Hayzlett v. McMillan

Decision Date01 November 1877
Citation11 W.Va. 464
PartiesHayzlett v. McMillan et, al.Absent, Johnson, Judge).*
CourtWest Virginia Supreme Court

1. It is a general rule in equity, that an injunction will be dissolved at the hearing of the motion to dissolve it on bill and answer sworn to, if the answer fully, fairly, plainly, distinctly and positively denies the allegations in the bill, on which the injunction was granted, and the material allegations of the bill are not supported by proof other than the affidavit verifying the truth of its allegations.
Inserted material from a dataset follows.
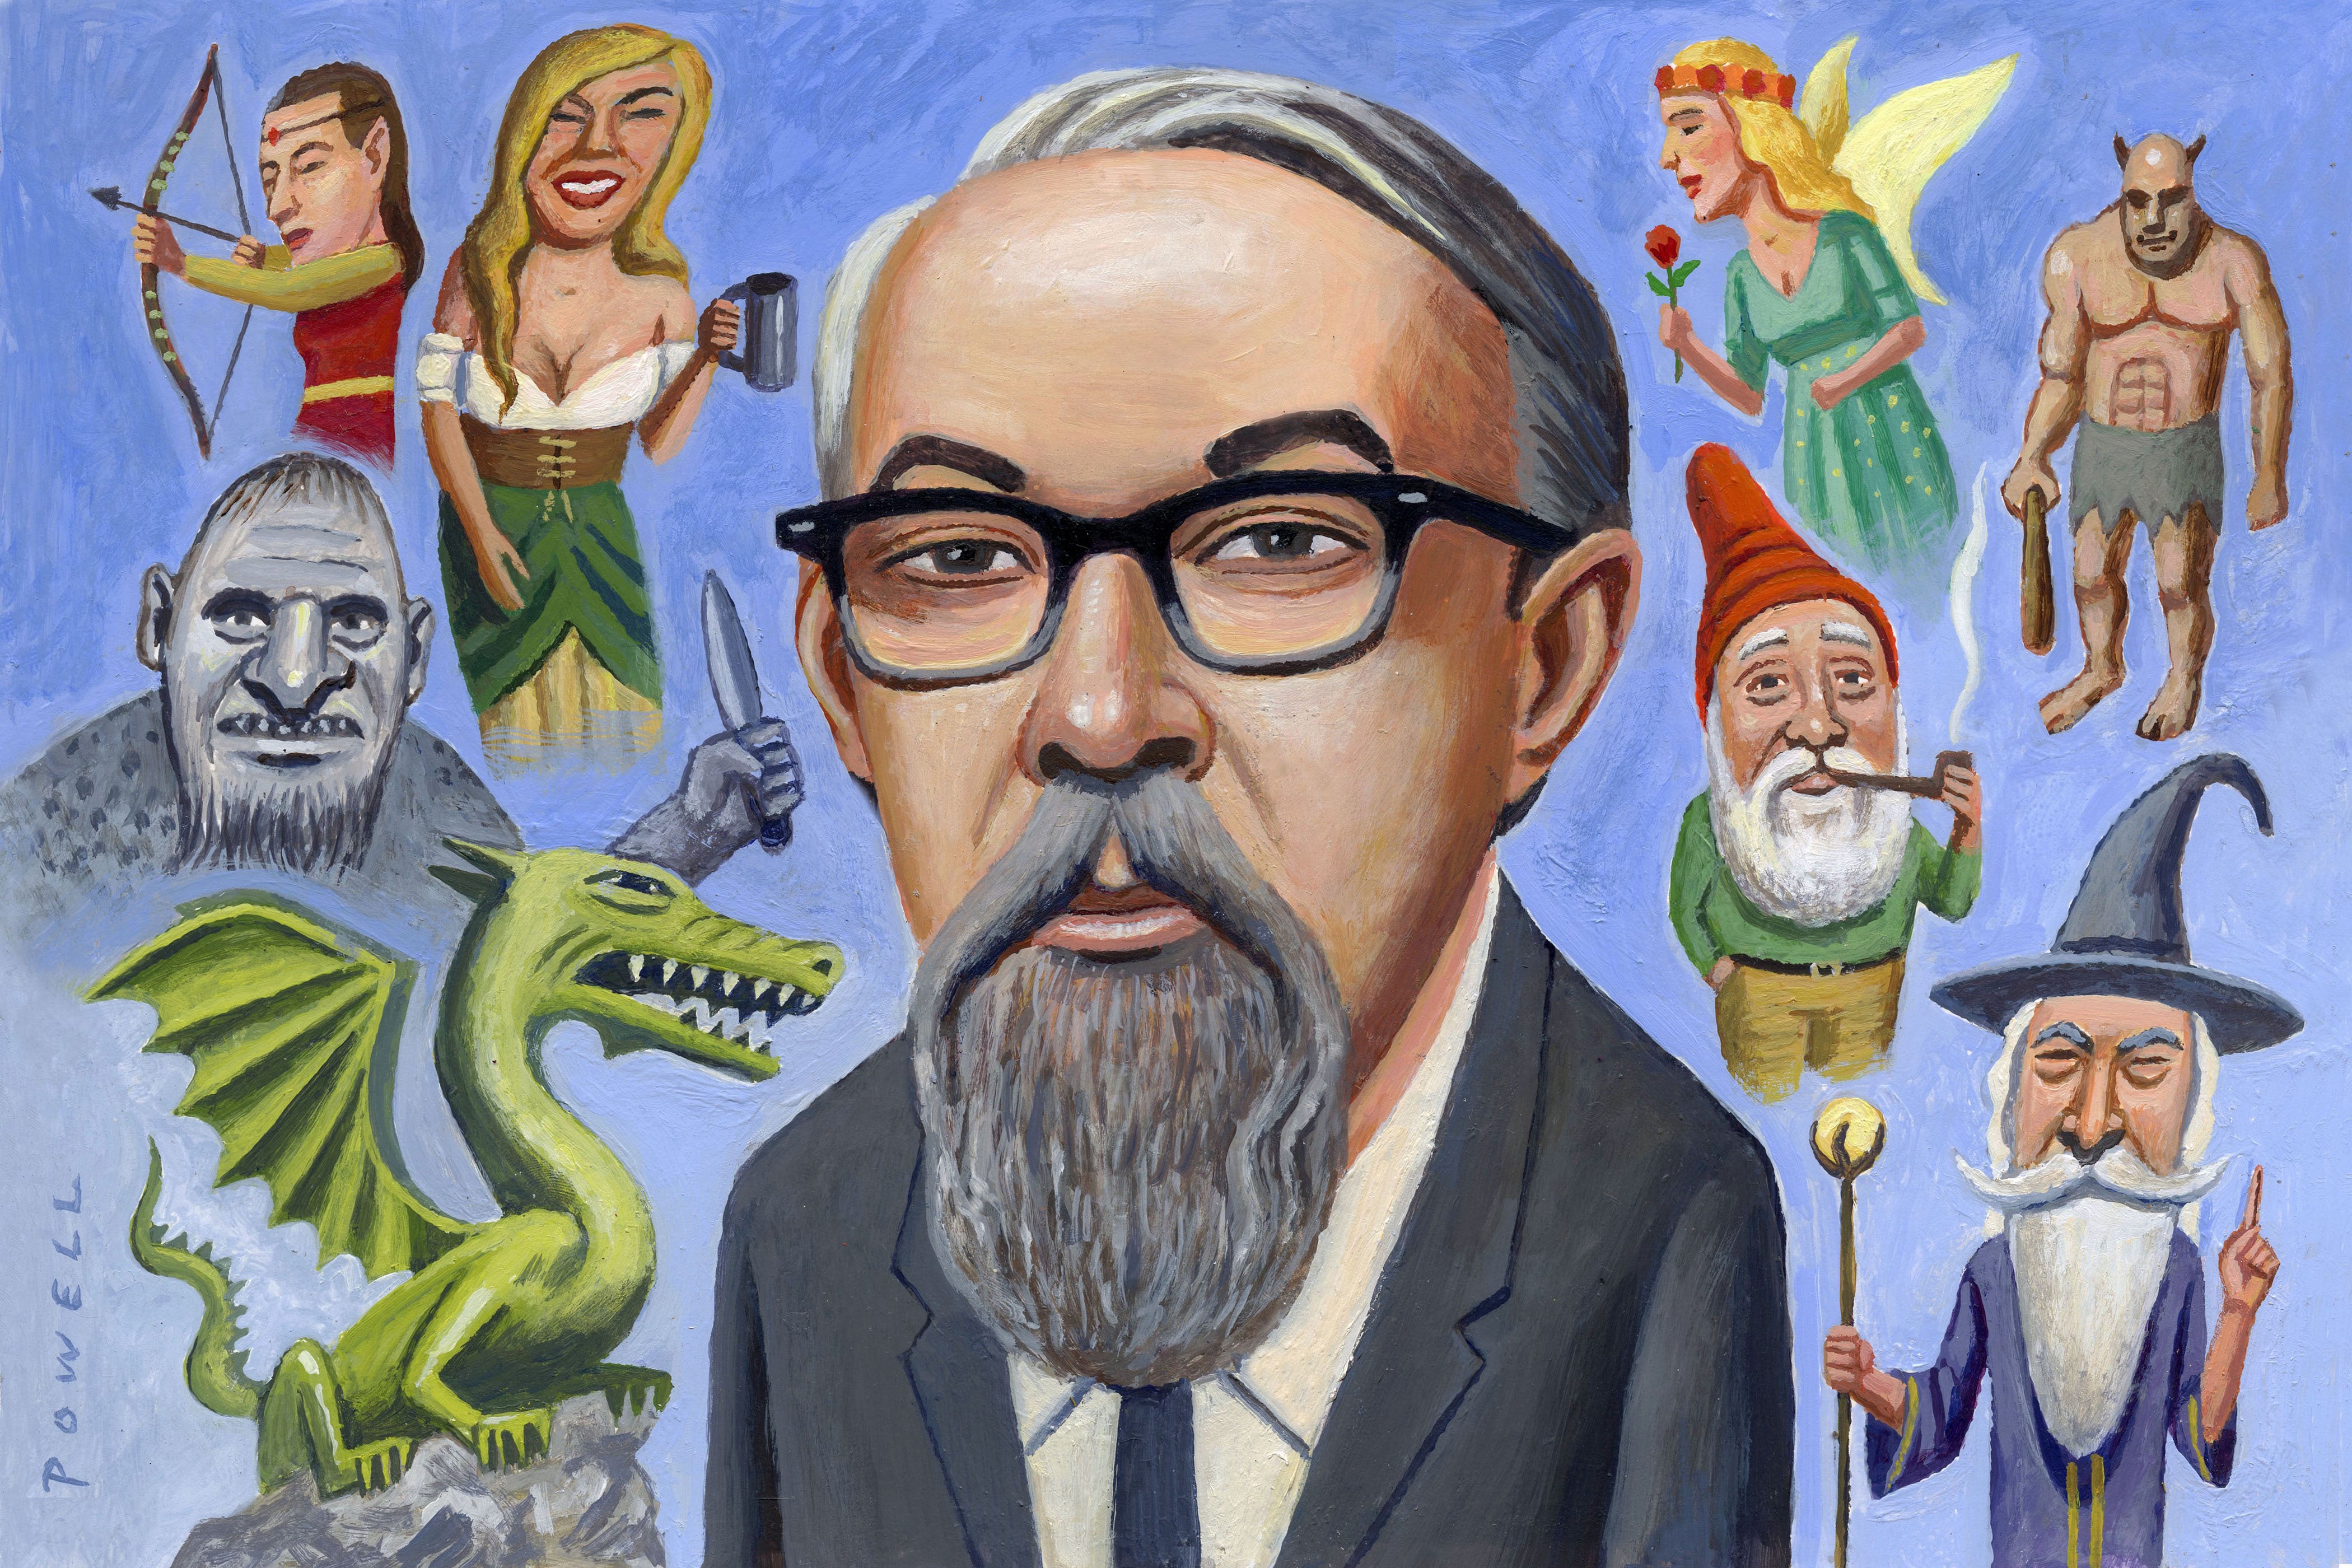 An illustration of Lester del Rey surrounded by dragons, wizards, trolls, and other such fantastical creatures.

2. Generally an answer to a bill in equity can only be filed during the session of the court, or at the rules, but by our statute an exception is made in cases of injunction. The larger powrer to entertain and decide the motion to dissolve embraces that of receiving the answer and also replication thereto and making them a part of the record.

3. Under the provisions of the act of the Legislature, entitled "An act to authorize circuit judges in vacation to dissolve injunctions," it is competent for the judge of a circuit, in which a case is pending wherein an injunction is awarded, to dissolve such injunction in vacation, after reasonable notice to the adverse party, in a county of his circuit other than, that, in which such injunction cause is pending.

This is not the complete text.